I am trying to figure out the best frequency/schedules for running the Smart tests and scrubs. I found a few older posts that mentioned doing the Scrub every 2 weeks, and long tests every two weeks, but not the weeks that the Scrub is working. Is that a good recommendation? Should I have offline tests scheduled?
Also trying the best way to define a schedule, this is what I currently have: Scrub
Threshold Days: 14
Schedule: Weekly (0 0 * * 0) On Sundays at 00:00 (12:00 AM)
SMART Tests
All Disks LONG At 23:00, only on Thursday (I believe this to be weekly)

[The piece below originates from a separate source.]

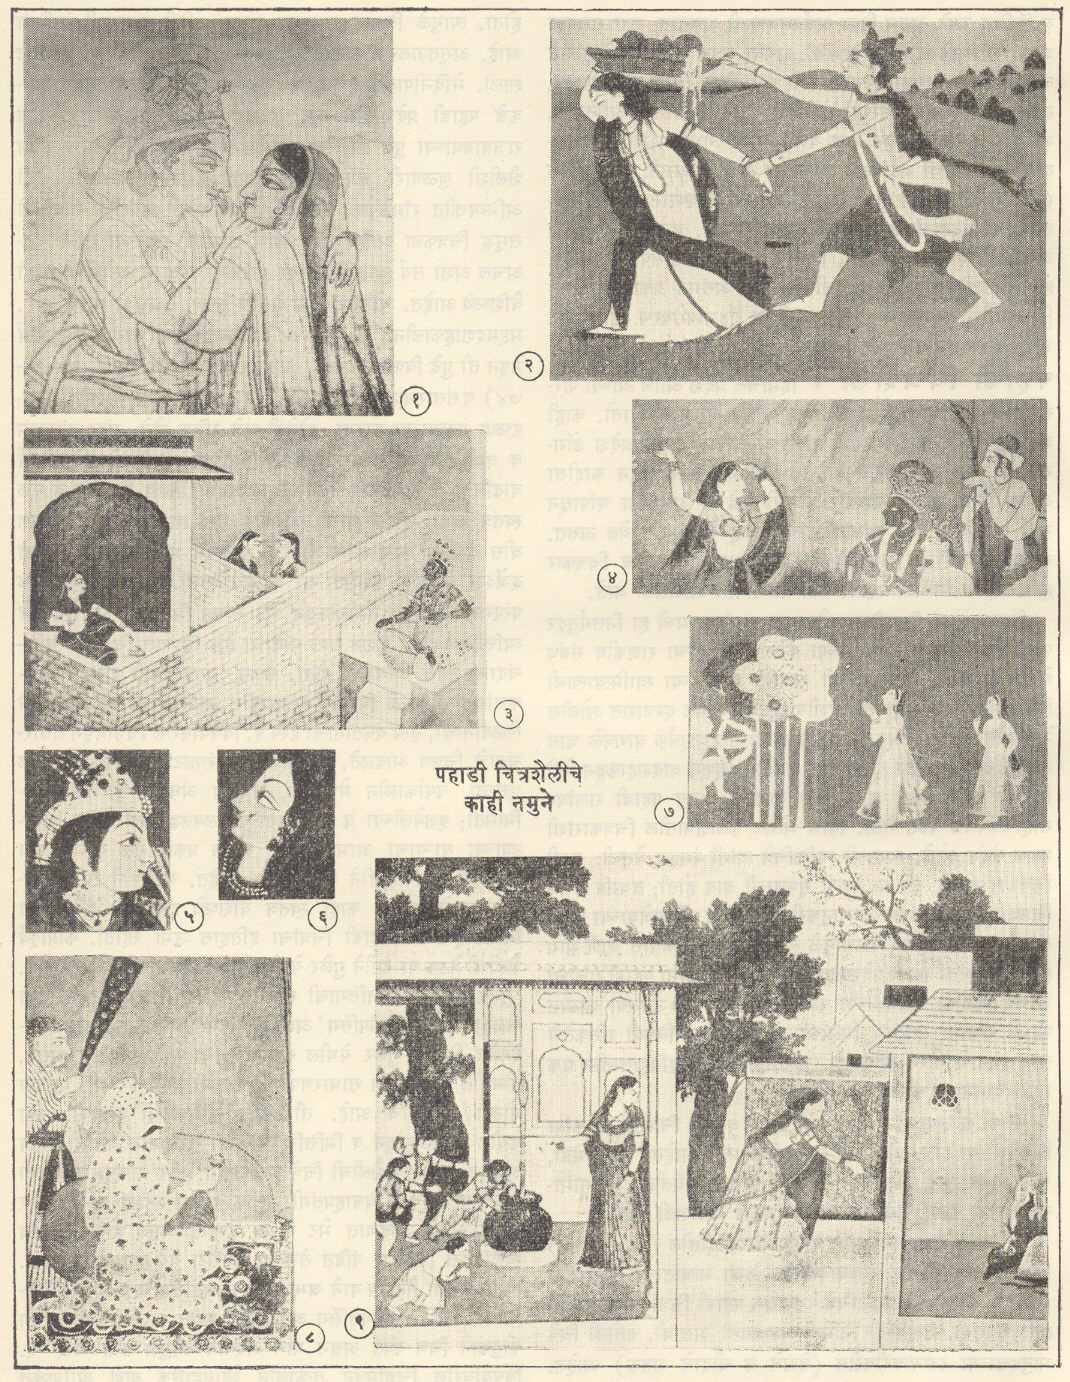 १. कृष्ण आणि राधा, कांग्रा शैली, १८२५-५०. २. दानलीला, गढवाल शैली, १९ वे शतक. ३. राधेच्या घराबाहेर तिची प्रतिक्षा करणारा कृष्ण, बसोली शैली, १९३०-४०. ४. नृत्य करणारी राधा, गुलेर येथील कांग्रापूर्व शैली, सु. १७६०-७०. ५. बिलासपूर शैलीतील मुखचित्रण, सु. १७५०. ६. चंबा शैलीतील नायिकामुख, कांग्रा शैली, १८००-२५. ७ विप्रलब्धा, बसोली शैली, सु. १७२०. ८. गुलेरचा राजा मानसिंग, गुलेर शैली, १८ वे शतक. ९. माखनचोर, कांग्रा शैली, १७८०-१८००.

In my case i dont scrub so often, i have a schedule day check with a treshold of 28 days.
For the smart test, a dayli short from monday to saturday, and a long on sunday.
Multi alert script help a lot, a dayli schedule after smart are completed with weekly the config file
Thats why I have the long test scheduled for 11pm, that way it should be fine to run overnight when it won’t be used, although they are 12TB drives. TrueNAS seems to store a fair amount of logs (I currently have 42 logged SMART tests) so I don’t think I will loose the tests too easily.
One thing I’ve seen here and there from what others have done is to alternate between scrub tasks and long SMART tests on a bi-weekly to monthly basis and ensuring they never run anywhere near each other in a schedule.
The time between isn’t the focus there but just ensuring they are on an alternating schedule and don’t overlap. Just food for thought.
I think scrubs are run by pool, and time taken depends on read speeds and pool size and % used (but I may be wrong about this).
SMART tests are run by disk, and time taken depends on read speeds and disk size and not on % used.
Assuming that your disks were 100% full (which of course they never are) a scrub should take about as long as SMART tests on all the drives run sequentially, though scrubs will be a bit slower because SMART tests are internal to the drive whilst scrubs require SATA transfers and some CPU processing - and of course you can probably run all the SMART tests in parallel if you wish.
So a scrub / SMART test of a small (say) 250GB mirrored SSD is going to take a lot less time than the scrub of a RAIDZ2 6x 18TB HDD.
I’ve personally encountered my disks getting pretty dang hot after doing tests and such- may be worth checking disk temperatures after SMART tests to make sure disks aren’t baking one another. I had tests running across 24 disks at a time when I noticed they were getting pretty toasty so I switched to doing tests in groups of 4 disks to try and spread the thermal load over time.
Though I think that says more about my terrible cooling situation as opposed to following good testing schedules.
Thats what I have read too, which is why I am hoping they are alternating (as far as I can tell, no easy way to do that), but also the one starting on Sunday, the other Thursday.
I have the SMART tests being done on all disks at one time. I believe you are correct with the scrub running per pool. My drives are 12TB, but only 2 being mirrored.
I think I will have worse issues with the CPU overheating since I have had issues with that (its SBC with no active cooling, and a very small form factor at that). I have 2 larger fans pushing air over everything so I think it will be fine (hopefully).
Under heavy load my CPU got to 91 Celsius, so I had to get the fans. Its an Intel Celeron basically. I think I’d probably max out the CPU before the drives would really have to work too hard. I will look into testing the drives.
I would not say that, scrubs are dependent on all the necessary metadata reads, resulting in a potentially much lower throughput than a simplistic “read the whole disk” workload. I wouldn’t infer any real timeline for one based on the other.
So my original comment was right? If a disk was 100% full, pretty much all blocks would be read and the scrub would indeed take about as long as a sequential set of SMART long tests?
I would not say that, scrubs are dependent on all the necessary metadata reads, resulting in a potentially much lower throughput than a simplistic “read the whole disk” workload. I wouldn’t infer any real timeline for one based on the other.
Ah - I hadn’t realised that scrubs were metadata only.
Scrubs read the metadata, then read the the blocks the metdata refers too… and verify them, possibly correcting them
The point that eric and myself are trying to get across is that scrubs are going to be slower once the disk is full as the scrub process has to bounce between reading metadata and reading blocks.
What do you mean? You can setup a fine-grained schedule for smart tests, instead of all select the disks you want to test. You need to create more than one task per test type then.
Scrubs can be scheduled per pool, so you have freedom in alternatng /offsetting them too.
As for the schedule, I’m pretty much doing the same schedule mentioned in the OP.
Daily shorts (except for the days I run a long test)
Long test every week
2 scrubs per month
I set fixed dates (it’s a bit more trouble to setup but eventually it’s easier for me to manage, that scrubs and long tests don’t overlap).